[WAM!Van] Better than Bechdel: Let's Put Movies to Our Feminist Tests! with WAM Vancouver

Aleks B aleks4 at gmail.com
Mon Nov 30 14:46:38 PST 2015


Hi everyone,
Your new WAM collective is pleased to be putting on our first event this
Thursday, admission by donation (of toiletry items to the Downtown Eastside
Women's Centre). All event details below! And please RSVP to our
Eventbrite:
https://www.eventbrite.ca/e/better-than-bechdel-lets-put-movies-to-our-feminist-tests-tickets-19506275796

When: Thurs., Dec. 3rd, 6:30-9:30pm
Where: The Hub, 251A E 11th Ave., Vancouver


Tired of watching movies where women are objectified, undervalued or
scripted into obsessive conversations about their heteronormative,
patriarchal love interests? We are too! And this time, the Bechdel test (
http://bit.ly/1hlgqrw) just isn't going to cut it.

We invite you to pick apart this tired standard of supposed gender
progressiveness on screen and create your own new and improved version!
What would an authentic meter for assessing intersectional feminist content
in a movie look like? What standard should we hold movie makers and
producers up to when pushing for feminist content in the film industry?

Join us and a room full of progressive media lovers to
craft/collage/scribble your very own Better than Bechdel test, and then
test run it!
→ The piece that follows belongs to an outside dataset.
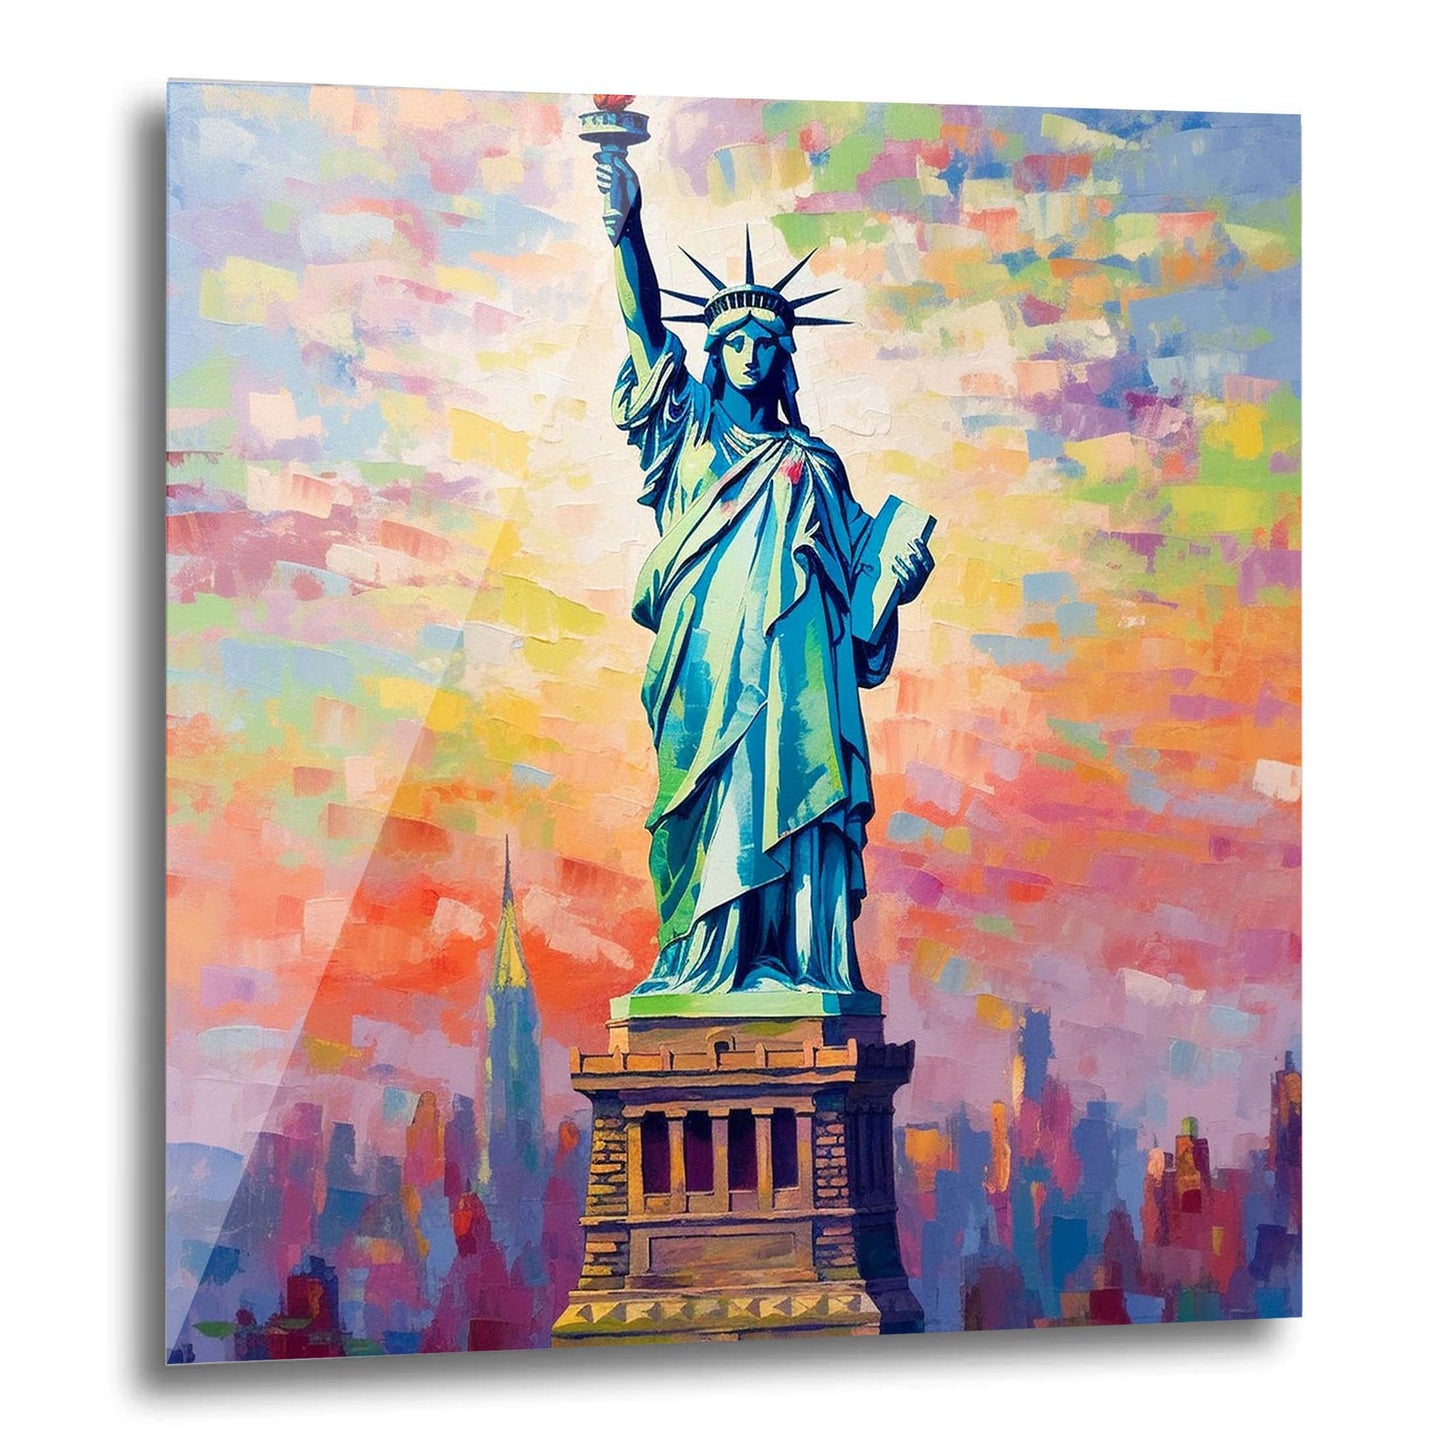 New York Statue of Liberty - mural in the style of impressionism
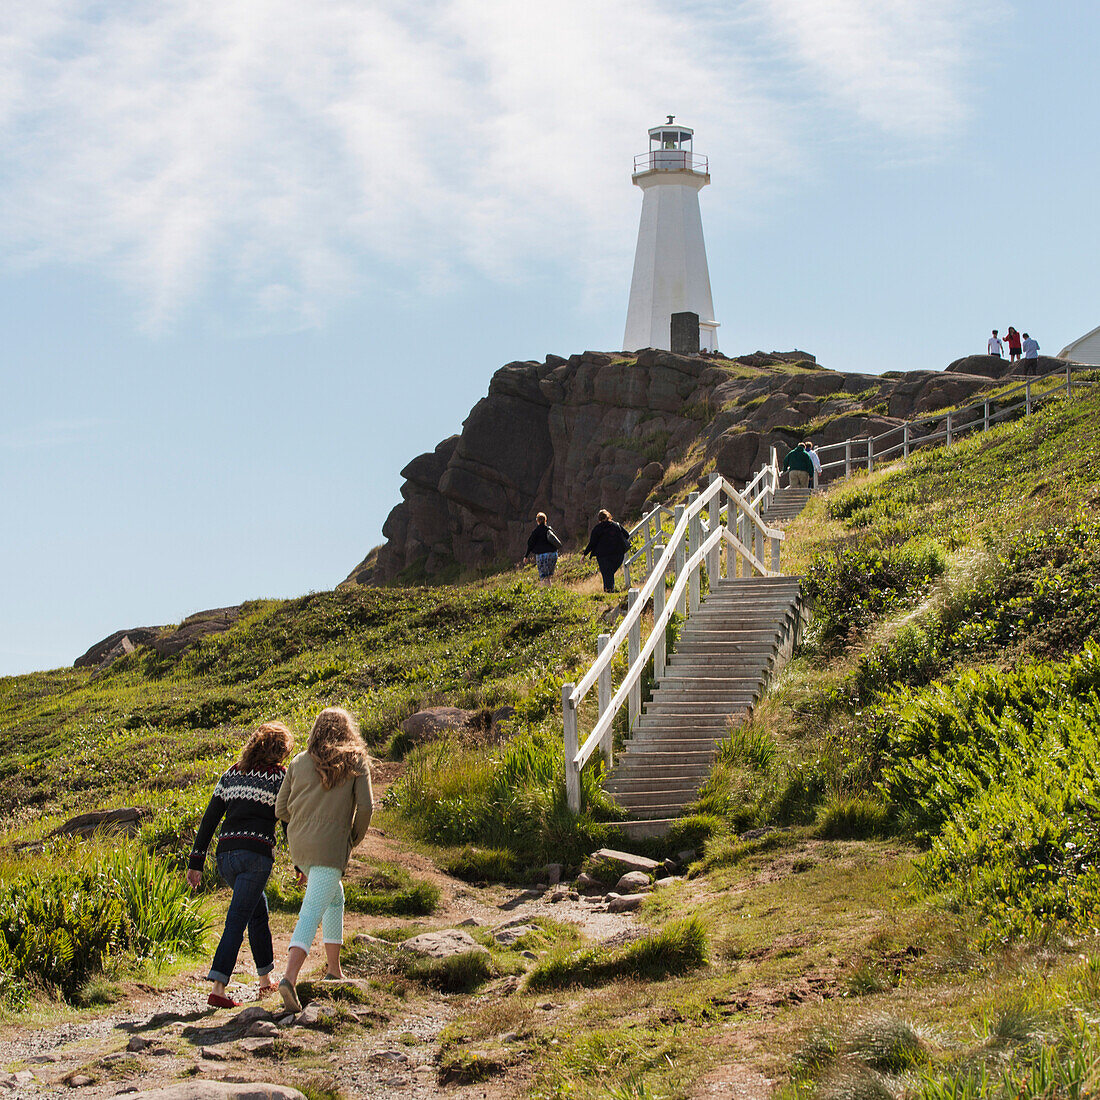 'Tourists walking to steps leading up to a lighthouse on Cape Spear; St. John's, Newfoundland and Labrador, Canada'

Reserve your spot on EventBrite: http://bit.ly/1WQOZM2

6:30-7:20pm Panel of Local Progressive Media Orgs/Projects
Love Intersections <https://www.facebook.com/loveintersections/>
and
Kim Villagante of Access to Media Education Society (AMES)
<https://www.facebook.com/AccesstoMediaEducationSociety/>
** (see below for details and bios!)
7:20-7:45pm Workshop: Make Your Own Test!
7:45-9:15pm Watching 'Pariah'
Closing

Our featured film of the night is 'Pariah' (2011), directed by Dee Rees in
which "A Brooklyn teenager juggles conflicting identities and risks
friendship, heartbreak, and family in a desperate search for sexual
expression." This film won the Best Independent Picture award from the
African American Film Critics Association.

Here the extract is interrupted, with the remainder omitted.